- Work order -
All lines from the one holding "Смотреть небритой вагиной онлайн" to the end of the listing are to be output exactly, both ends included, with any pictures left out.

##### Material provided

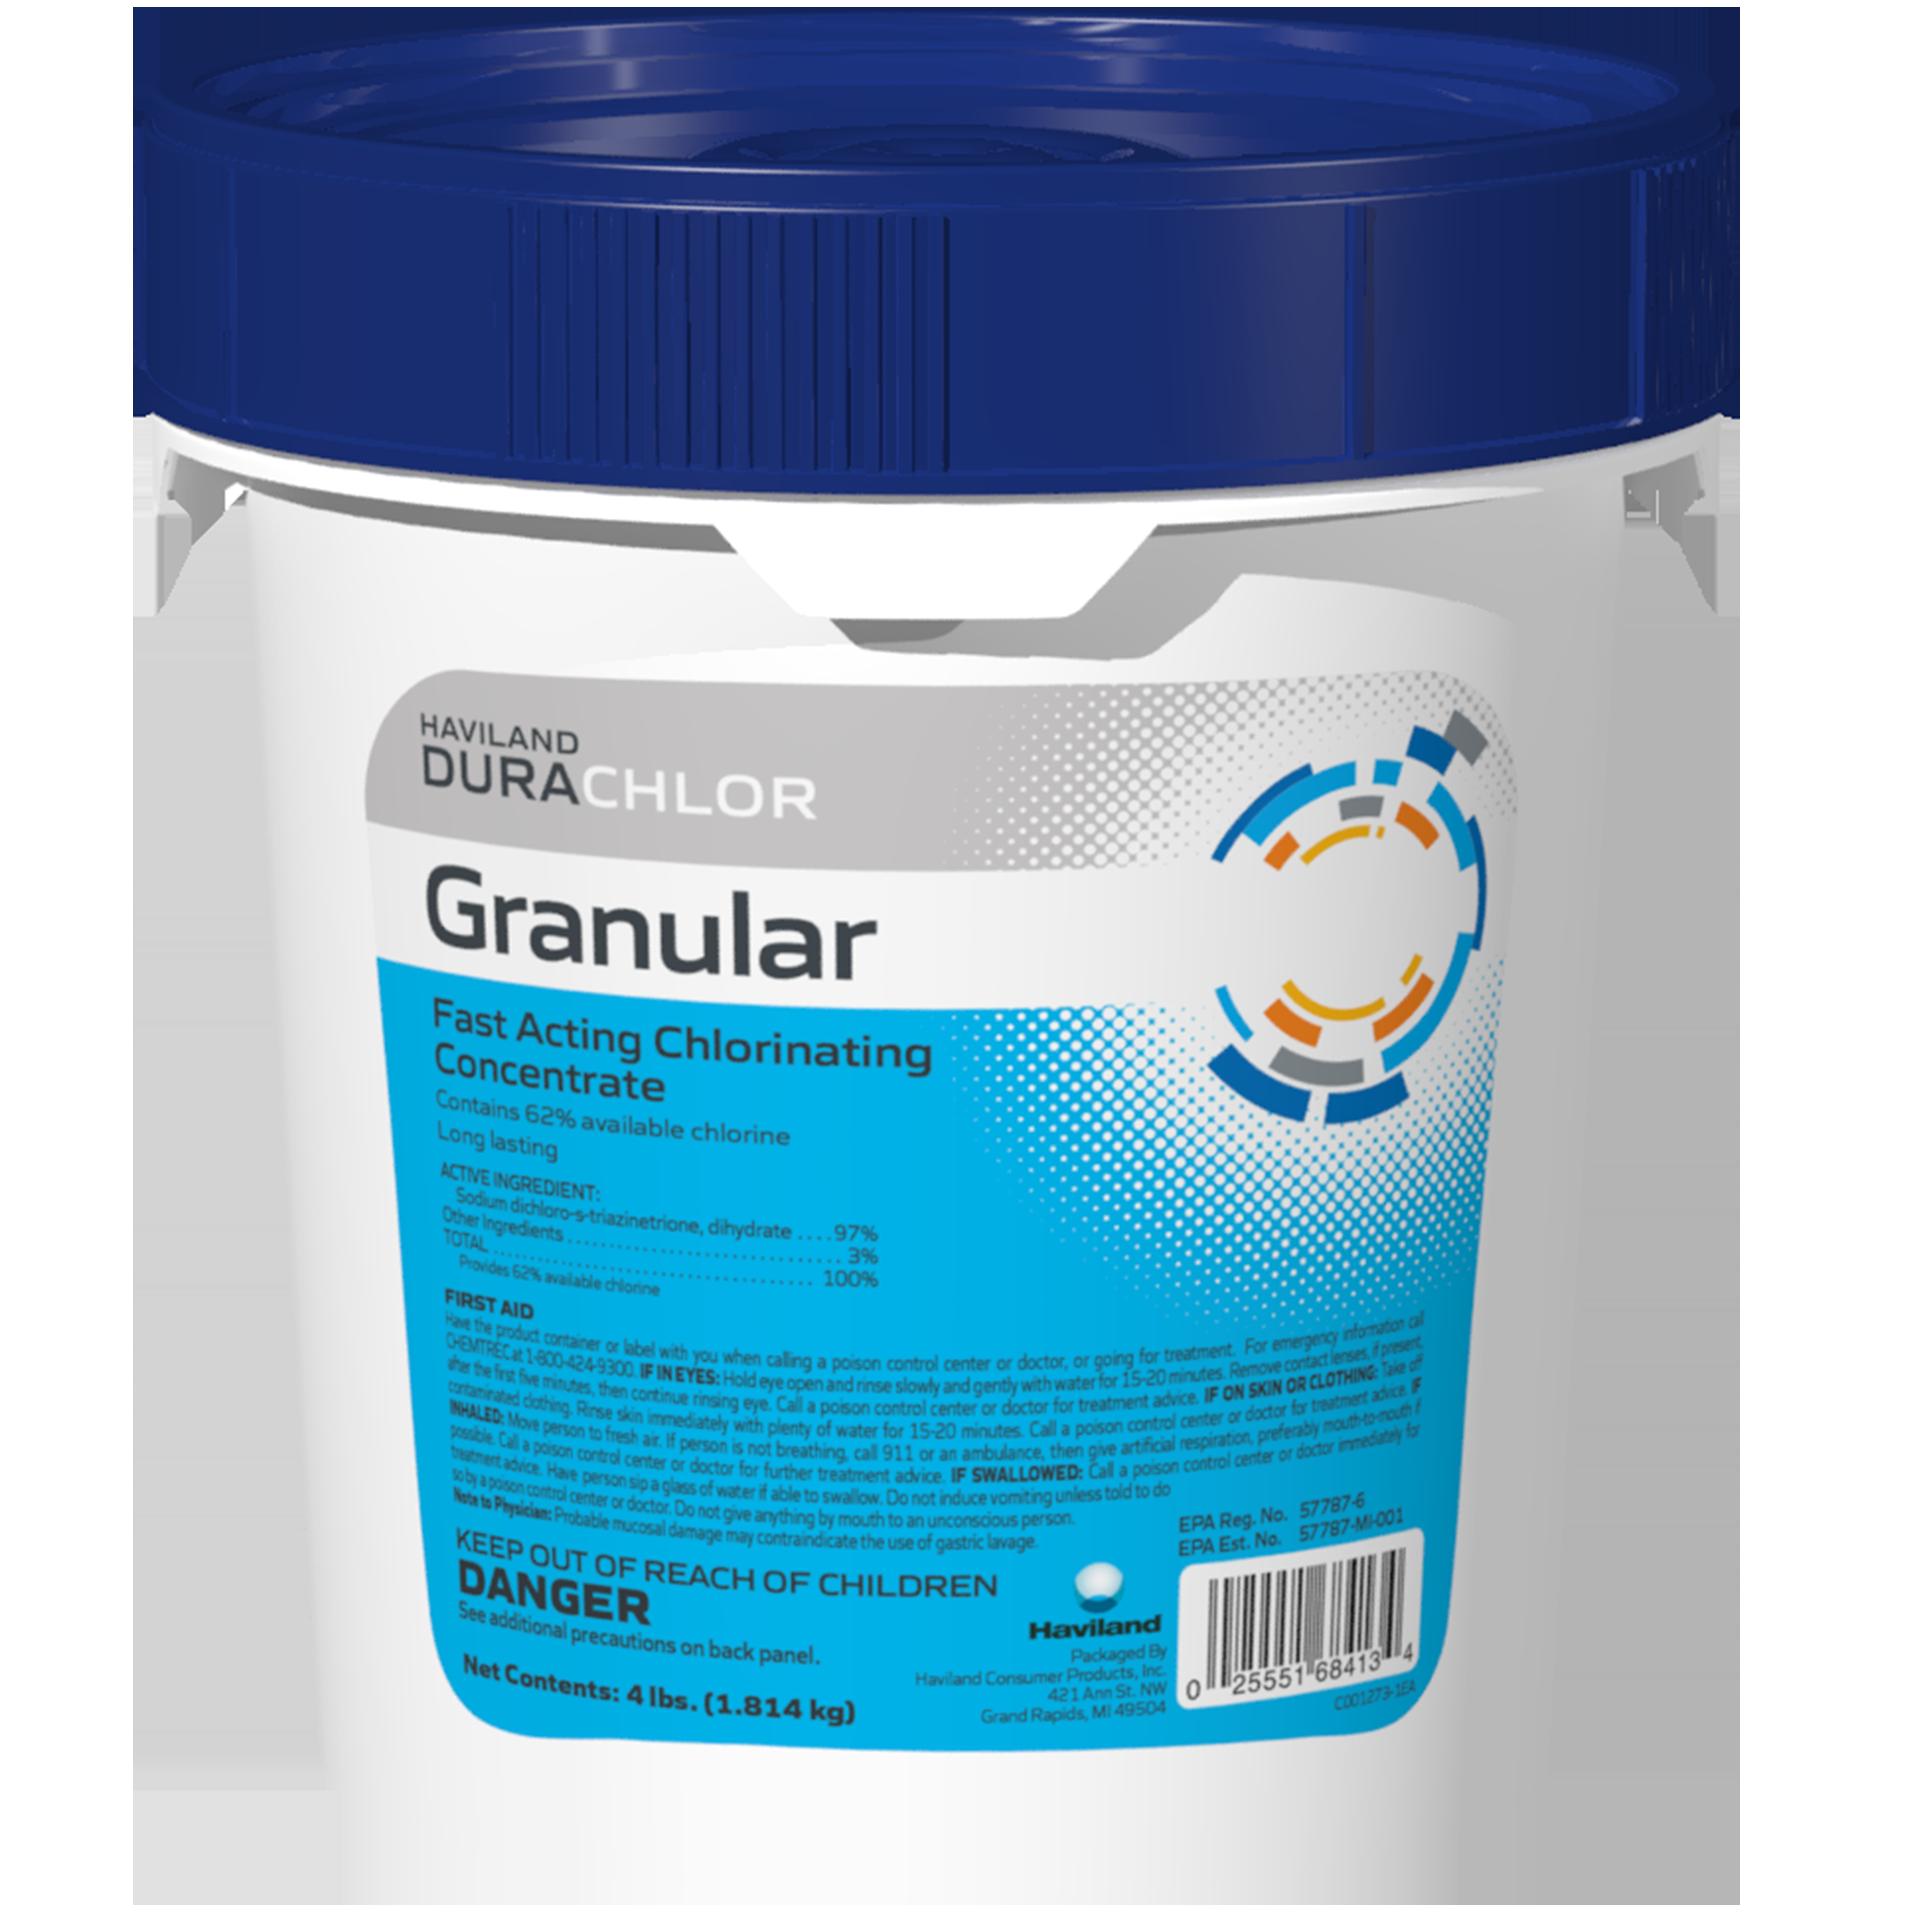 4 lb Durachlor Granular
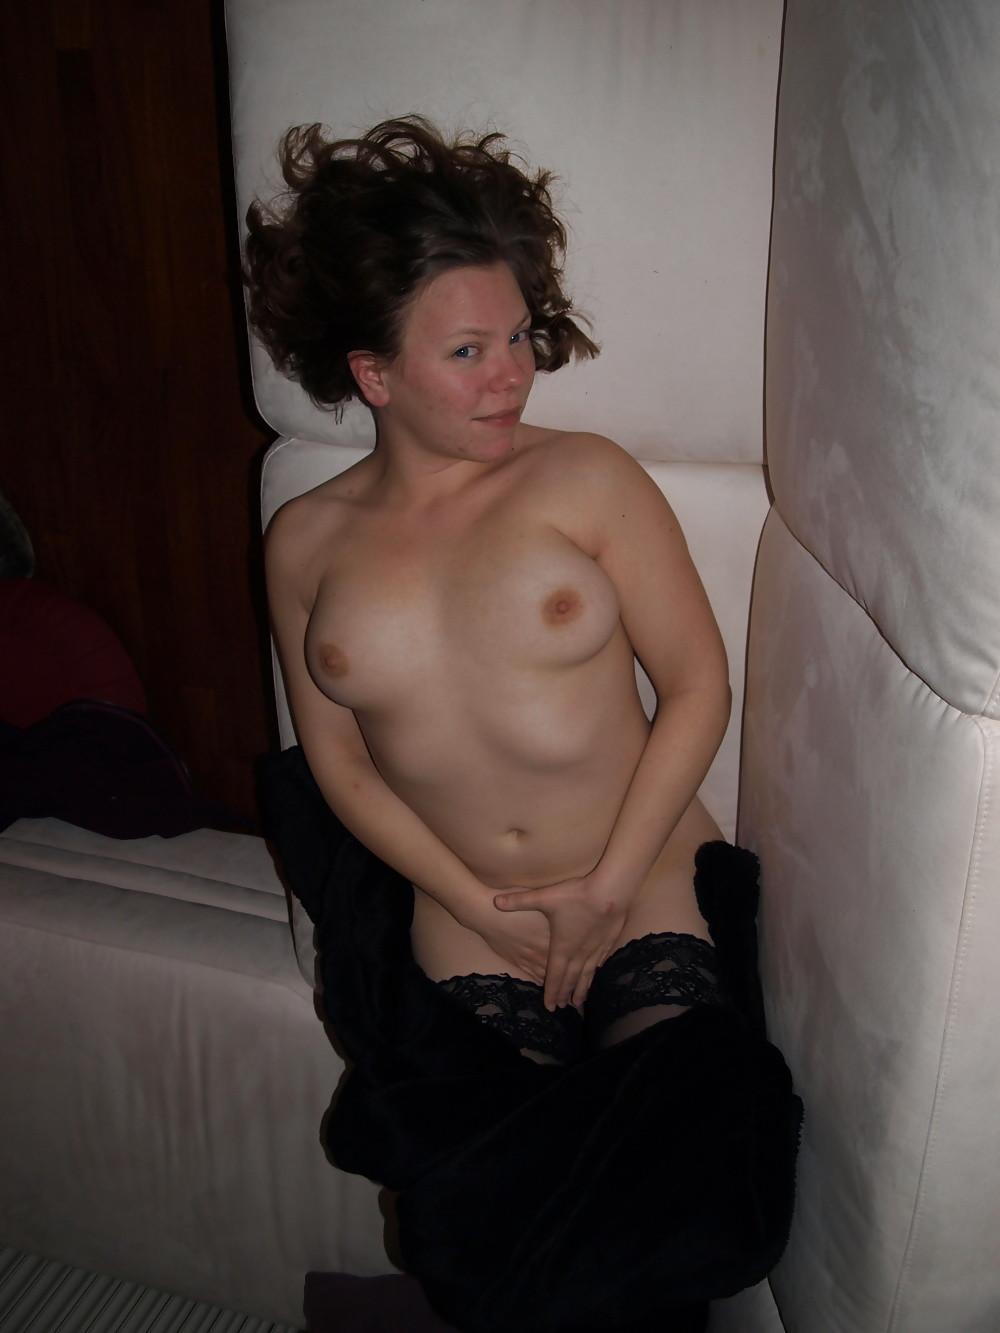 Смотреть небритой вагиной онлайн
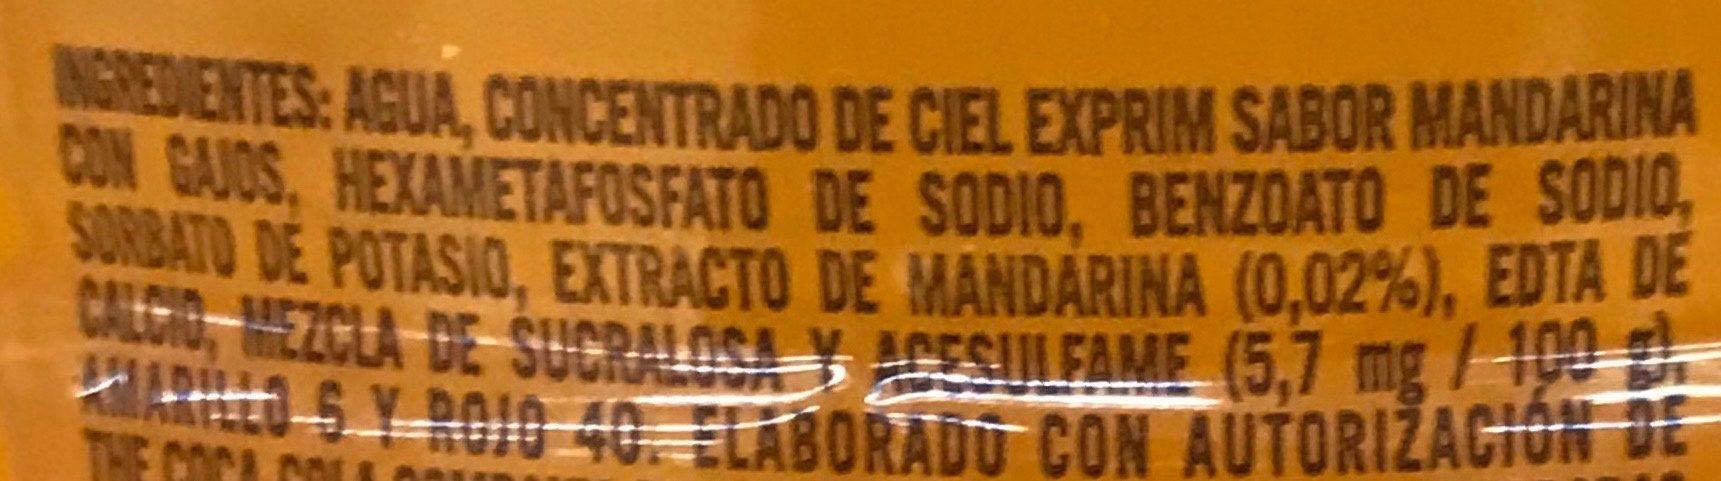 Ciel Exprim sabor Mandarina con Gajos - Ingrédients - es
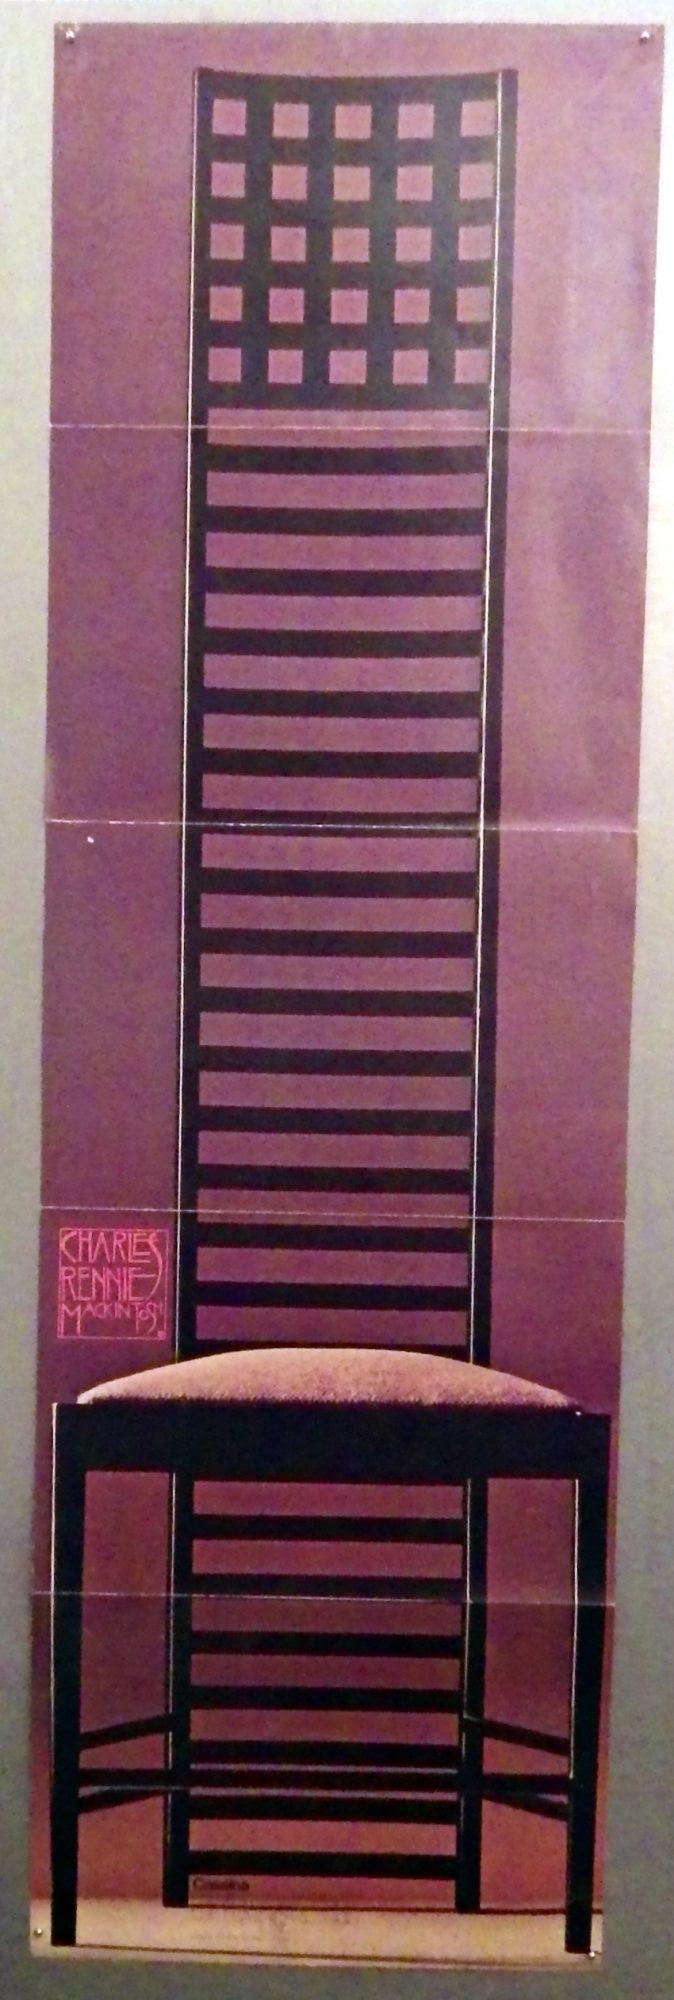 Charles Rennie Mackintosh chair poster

##########

- Task result -
 Смотреть небритой вагиной онлайн
 Ciel Exprim sabor Mandarina con Gajos - Ingrédients - es
 Charles Rennie Mackintosh chair poster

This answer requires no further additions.